You are viewing an old version of this page. View the current version.

Compare with Current View Page History

« Previous Version 27 Next »

Current state: ["Under Discussion"]

ISSUE: #17599

PRs: 

Keywords: search, range search, radius

Released: 

Summary(required)

At present, the behavior of "search" in Milvus is to return TOPK most similar results for each vector to be queried.

The purpose of this MEP is to realize "range search" function. User specifies a "radius", Milvus does "range search" and returns all results with distance better than this "radius" ("> radius" for IP, "< radius" for other metric types).

This function can be regarded as a "superset" of the existing search function, because if sort the results of range search and take the first `topk` results, we get identical results comparing with current search function.

The result output of search and range search are different. The original search result is with fixed length 'nq * topk', while the results of range search is with variable length. Except 'IDs' and 'distances', 'lims' is also returned which is used to record the offset of the range search result of each vector in the result set.

Another MEP pagination will uniformly process the results of 'search' and 'range search' and return to the client, so the result processing will not be discussed in this MEP.

Motivation(required)

User (developing recommendation system) ask Milvus to realize the function of searching by distance, that is, to return all results with similarity better than a certain "radius".

Public Interfaces(optional)

  • No interface change in Milvus and all SDKs

We reuse the SDK interface "search" to do "range search", so the interface of Milvus and all SDKs need not to be changed. We only need add "radius" information into params.
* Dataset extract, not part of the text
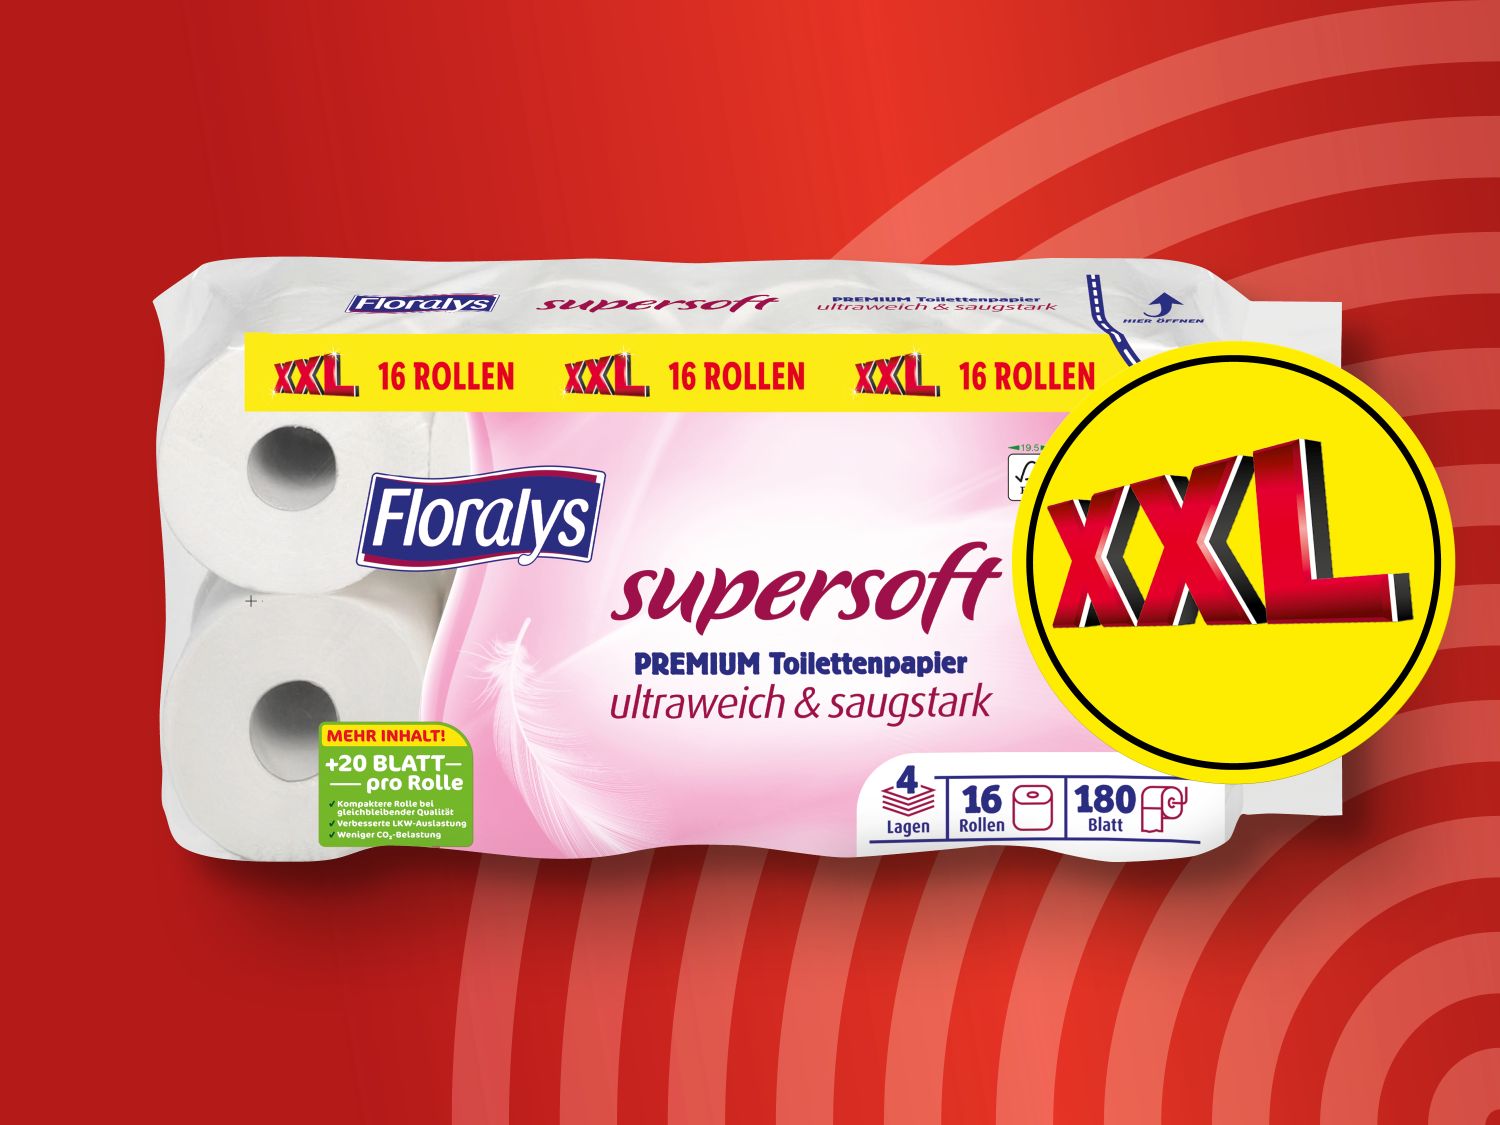 Floralys Supersoft Premium Toilettenpapier Lidl - XXL

When "radius" is specified, the parameter "limit" is ignored.

As shown in the following figure, set "radius: 888" in search_ params.params.

  default_index = {"index_type": "HNSW", "params":{"M": 48, "efConstruction": 500}, "metric_type": "L2"}
  collection.create_index("float_vector", default_index)
  collection.load()  
  search_params = {"metric_type": "L2", "params": {"ef": 32, "radius": 888}}
  res = collection.search(vectors[:nq], "float_vector", search_params, limit, "int64 >= 0")


  • Need add new interface `QueryByRange()` in knowhere
  virtual DatasetPtr
  QueryByRange(const DatasetPtr& dataset, const Config& config, const faiss::BitsetView bitset);


There is one proposal that not to add new interface QueryByRange(), but reusing interface Query() for range search to minimize Knowhere's public interface.

Considering the implementation in Knowhere, we prefer not to adopt this proposal, because not all types of index support range search.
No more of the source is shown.